Pegou o trem e viajou mais de trinta horas até chegar à Gare de Austerlitz, em Paris, e encontrar uma amiga que o esperava com uma rosa vermelha na mão. Foi ser hóspede dela no coração do Quartier Latin, num quarto no sétimo andar do número 4 da Rue Paillet. Sem banho.

Sem saber falar uma palavra de francês, entendendo apenas o merci beaucoup e o hulalá, foi à luta e o primeiro emprego foi para limpar as escadarias do prédio da Sociedade de Engenheiros, em frente a Igreja de Saint Germain-des-Près.

Mudou-se para o 11ème, bairro comunista, um apezinho maior onde hospedou umas duas dúzias de bichos grilos que chegavam do Brasil em busca de dias melhores.

Estudou no Institut Français de Presse e acabou virando jornalista e jornaleiro. Entrevistava exilados para a imprensa alternativa e vendia os jornais na Livraria Portuguesa, Rue des Écoles.

Comia nos bandejões dos restaurantes universitários e, no domingo, costumava fazer comida em casa. Arroz Uncle Bens com carne moída e milho era o seu prato predileto.

Mordeu um pedaço de queijo de cabra, sem saber que se comia com pão.

Aprendeu a arrumar a casa bem arrumada, a lavar roupa bem lavada e a passar roupa bem passada.

Viu coisas inacreditáveis, como um dos bichos grilo cair no Sena de madrugada em pleno inverno e um cearense que insistiu em fazer uma farofa com pó de serragem, jurando que ia dar certo.

Construiu estradas, cuidou de crianças, distribuiu panfletos no Boul’Mich, descascou batatas na cozinha de um restaurante de estudantes até um dia ser promovido a Caixa.

Correu mundo, correu perigo. Foi ao Líbano por terra cortando toda a Europa. Chegou na fronteira de Israel numa época de guerra. Viu Mirages no céu do Oriente Médio fazendo um barulho ensurdecedor.
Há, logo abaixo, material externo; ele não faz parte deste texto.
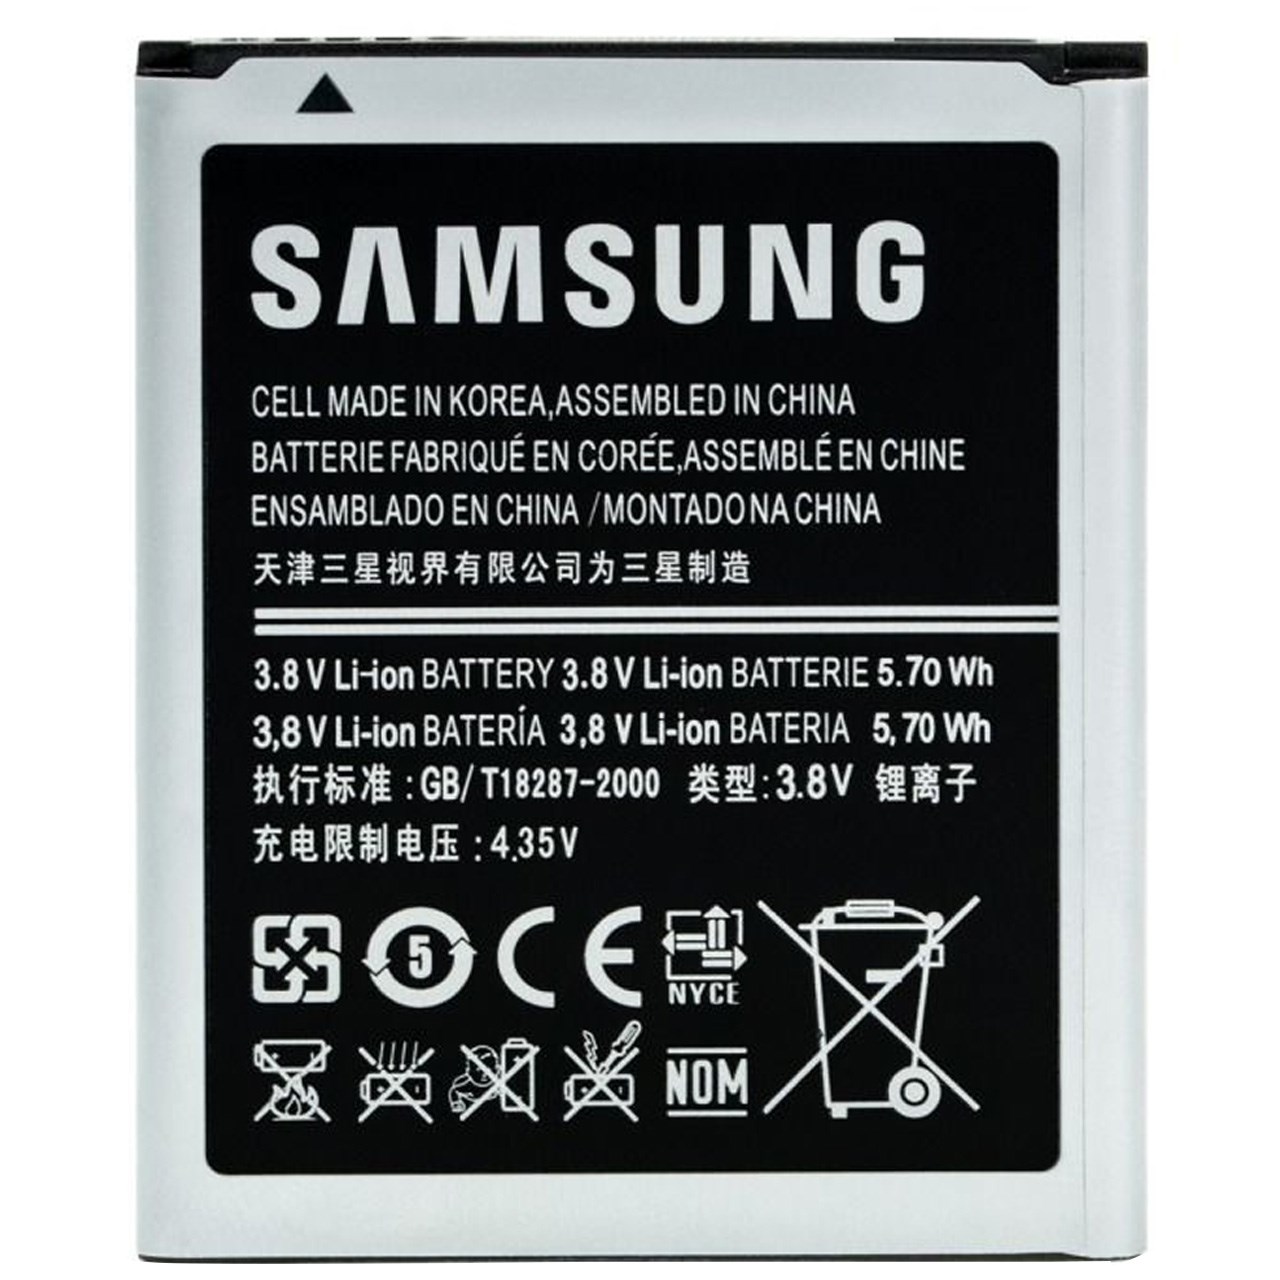 باتری موبایل  مدل GT-l8190 مناسب برای گوشی موبایل سامسونگ  Galaxy S3 Mini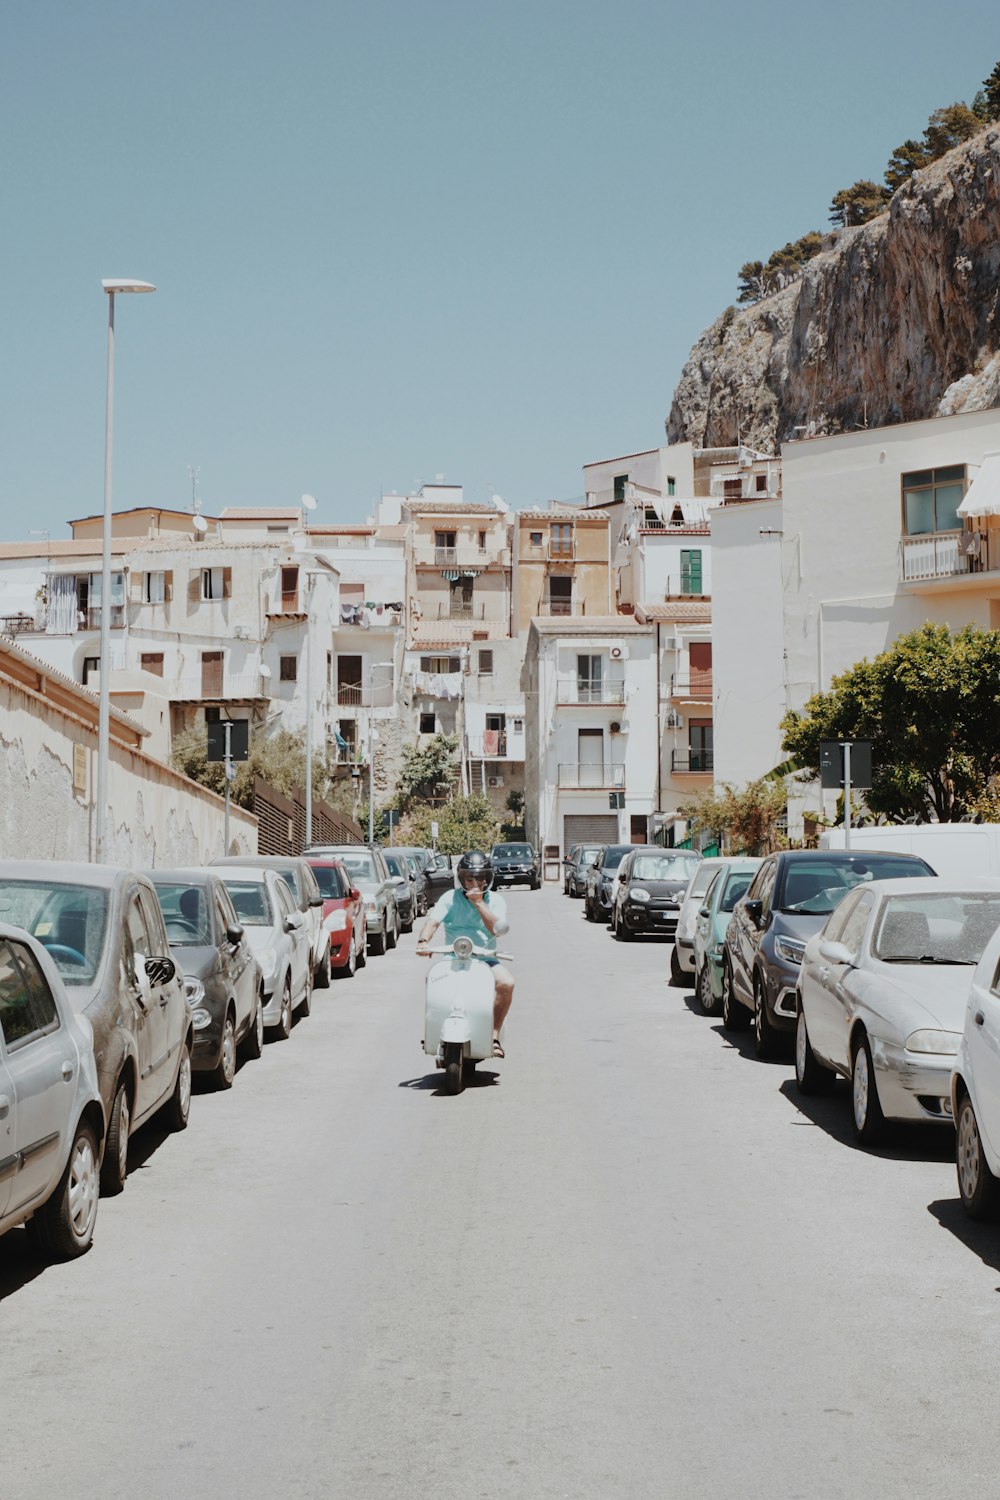 Eine Frau fährt mit einem Skateboard eine Straße entlang neben geparkten Autos

Dormiu na rua em Atenas, quase morreu de frio em Amsterdã, passou seis horas para conseguir entrar na Bulgária e foi de carona assistir o Grande Prêmio da Bélgica.

Teve dois filhos e a coragem de fazer o parto na clínica do Doutor Frederick Leboyer.

Escreveu poemas que foram publicados no Suplemento Literário do Minas Gerais, na revista Escrita e na Inéditos.

Chorou ao ouvir pela primeira vez Gilberto Gil cantando Não Chore Mais, numa fita K-7 laranja da Basf.

Uma década depois, pegou o avião de volta e desceu no Aeroporto do Galeão, numa terça-feira de carnaval.